Data harmonization for the analysis of personalized treatment of psychosis with metacognitive training.

作者信息

König Caroline, Copado Pedro, Lamarca Maria, Guendouz Wafaa, Fischer Rabea, Schlechte Merle, Acuña Vanessa, Berna Fabrice, Gawęda Łucasz, Vellido Alfredo, Nebot Àngela, Angulo Cecilio, Ochoa Susana

机构信息

Soft Computing Research Group (SOCO) at Intelligent Data Science and Artificial Intelligence (IDEAI-UPC) Research Centre, Universitat Politècnica de Catalunya (UPC Barcelona Tech), Jordi Girona 1-3, 08034, Barcelona, Spain.

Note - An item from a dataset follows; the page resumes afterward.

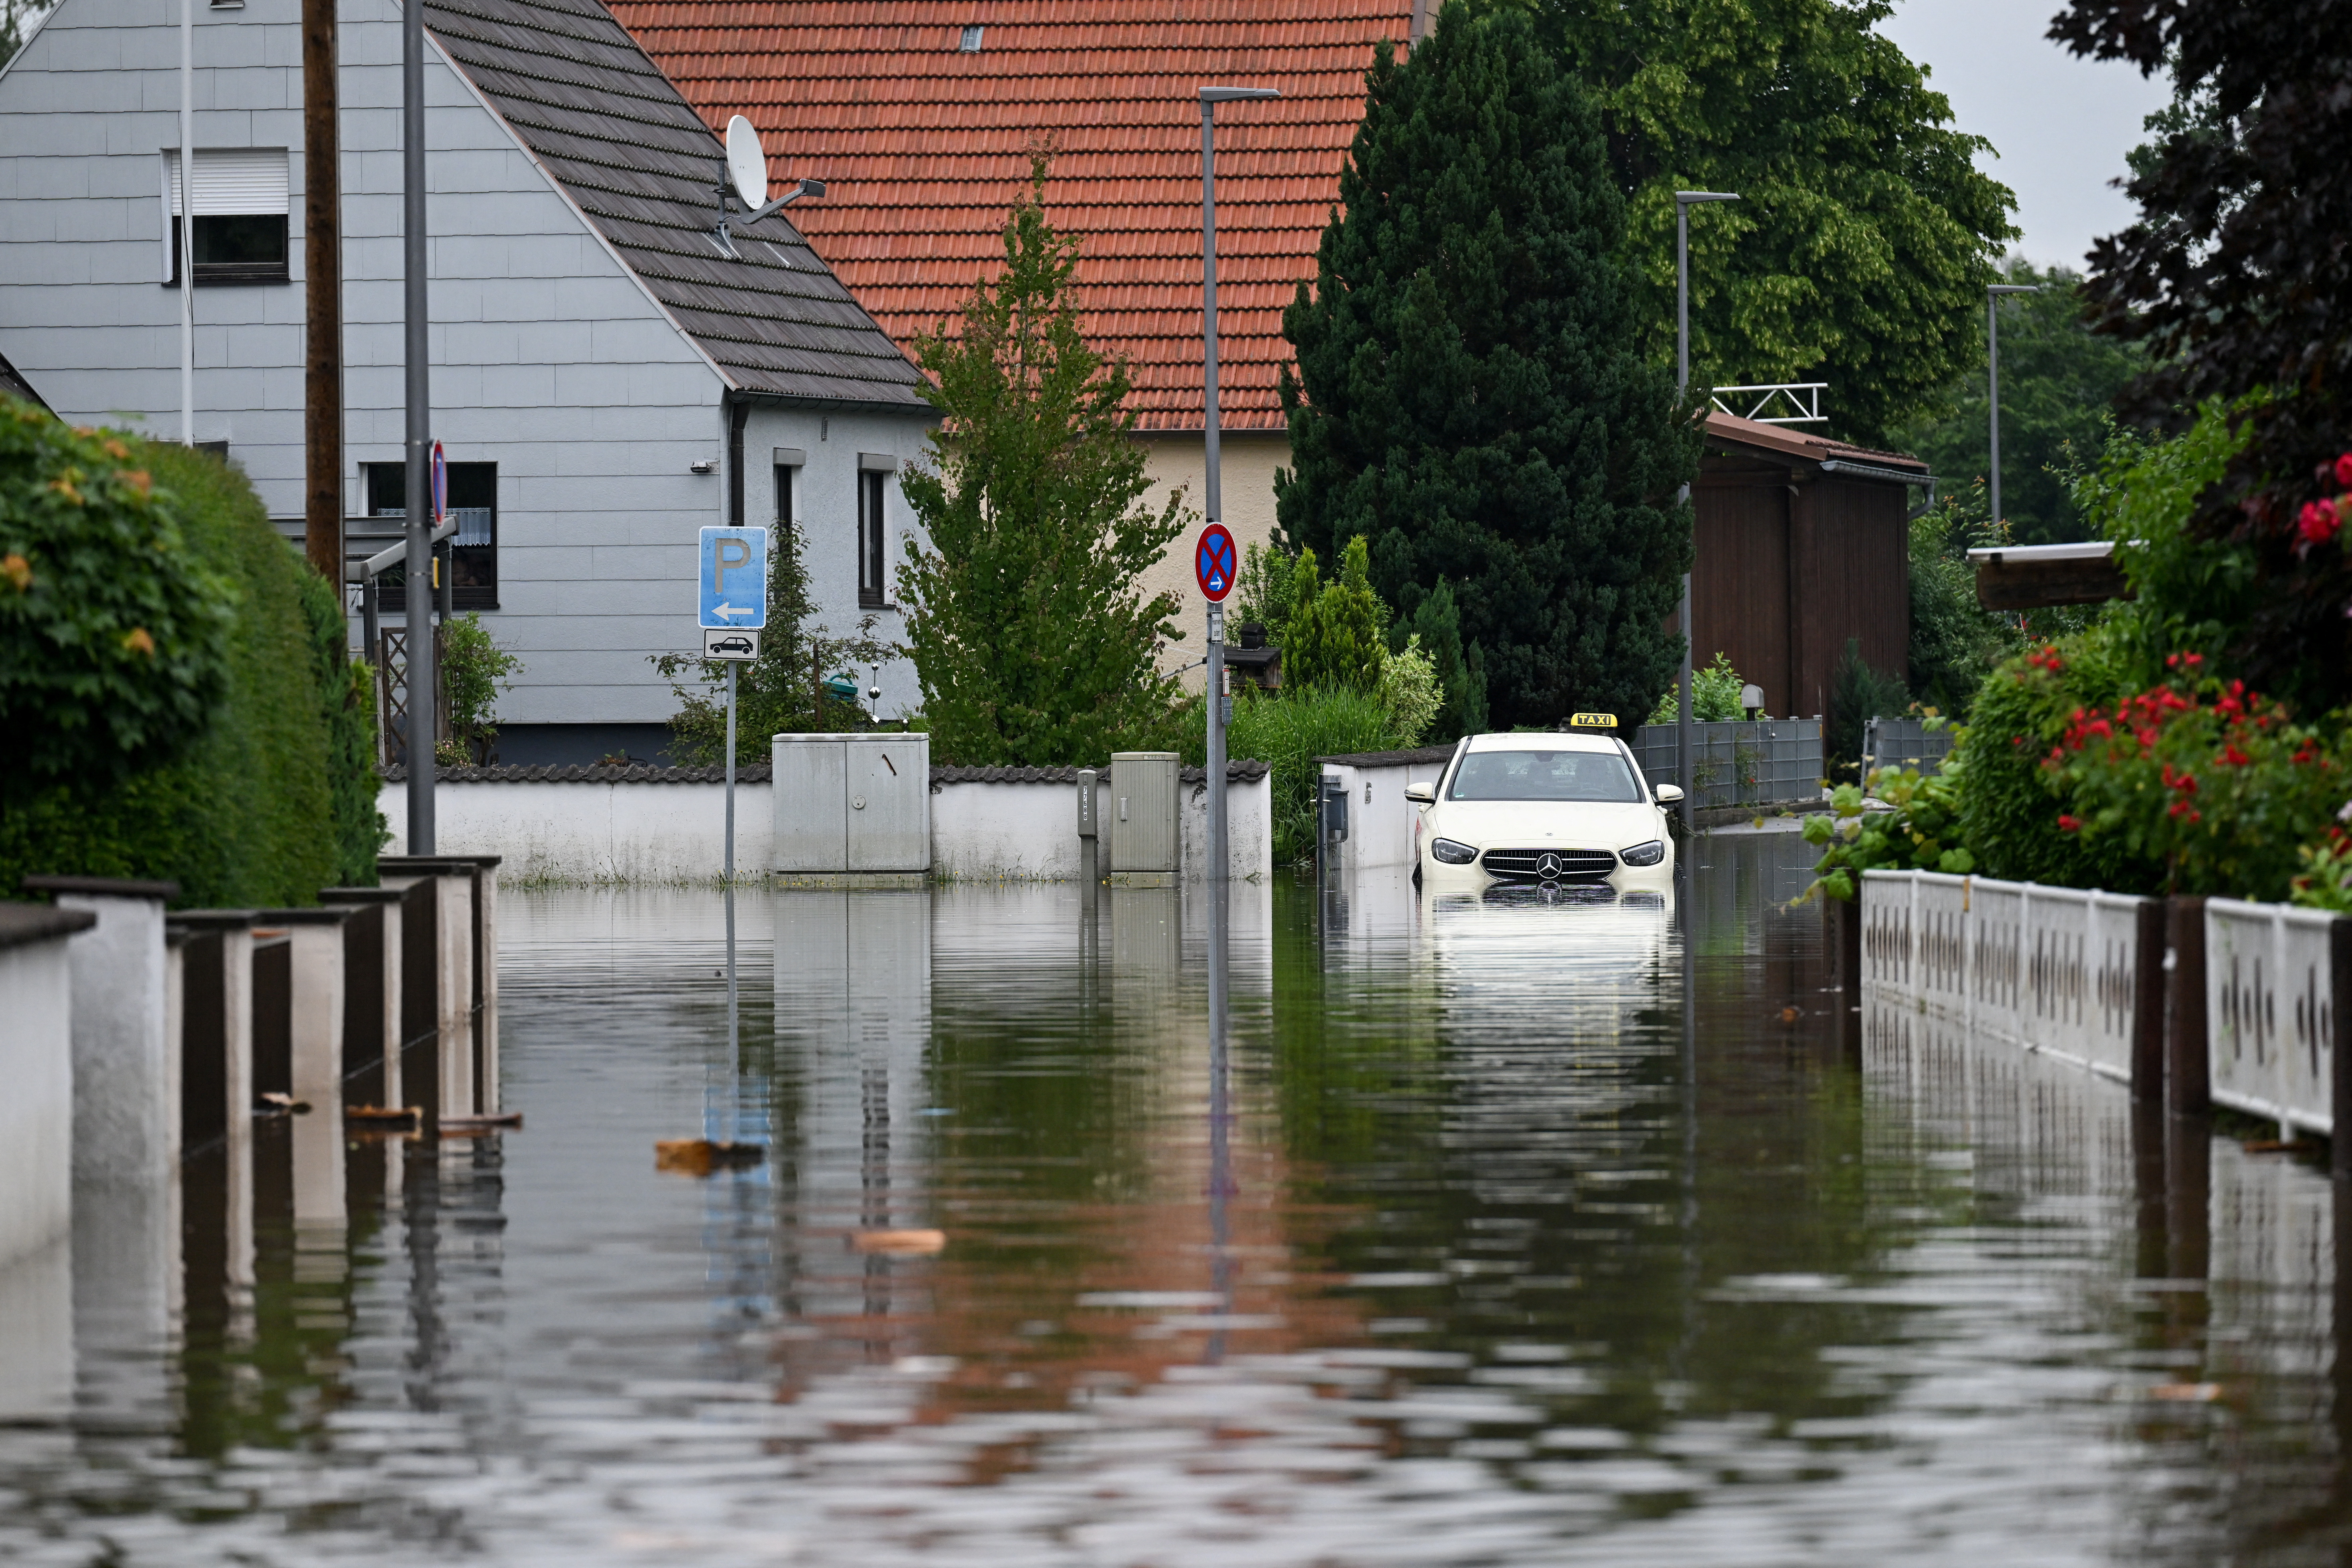 Aftermath of severe flooding, in Reichertshofen

MERITT Group, Institut de Recerca Sant Joan de Déu, Parc Sanitari Sant Joan de Déu, 08830, Sant Boi de Llobregat, Barcelona, Spain.

出版信息

Sci Rep. 2025 Mar 24;15(1):10159. doi: 10.1038/s41598-025-94815-3.

Abstract

Personalized medicine is a data-driven approach that aims to adapt patients' diagnostics and therapies to their characteristics and needs. The availability of patients' data is therefore paramount for the personalization of treatments on the basis of predictive models, and even more so in machine learning-based analyses. Data harmonization is an essential part of the process of data curation. This study presents research on data harmonization for the development of a harmonized retrospective database of patients in Metacognitive Training (MCT) treatment for psychotic disorders. This work is part of the European ERAPERMED 2022-292 research project entitled 'Towards a Personalized Medicine Approach to Psychological Treatment of Psychosis' (PERMEPSY), which focuses on the development of a personalized medicine platform for the treatment of psychosis. The study integrates information from 22 studies into a common format to enable a data analytical approach for personalized treatment. The harmonized database comprises information about 698 patients who underwent MCT and includes a wide range of sociodemographic variables and psychological indicators used to assess a patient's mental health state. The characteristics of patients participating in the study are analyzed using descriptive statistics and exploratory data analysis.

摘要

个性化医疗是一种数据驱动的方法,旨在使患者的诊断和治疗适应其特征和需求。因此,患者数据的可用性对于基于预测模型的治疗个性化至关重要,在基于机器学习的分析中更是如此。数据协调是数据管理过程的重要组成部分。本研究介绍了为开发一个用于精神障碍元认知训练(MCT)治疗患者的统一回顾性数据库而进行的数据协调研究。这项工作是欧洲ERAPERMED 2022 - 292研究项目“迈向精神分裂症心理治疗的个性化医疗方法”(PERMEPSY)的一部分,该项目专注于开发一个用于精神分裂症治疗的个性化医疗平台。该研究将来自22项研究的信息整合为通用格式,以实现个性化治疗的数据分析方法。统一数据库包含698名接受MCT治疗患者的信息,包括用于评估患者心理健康状态的广泛社会人口统计学变量和心理指标。使用描述性统计和探索性数据分析对参与研究的患者特征进行分析。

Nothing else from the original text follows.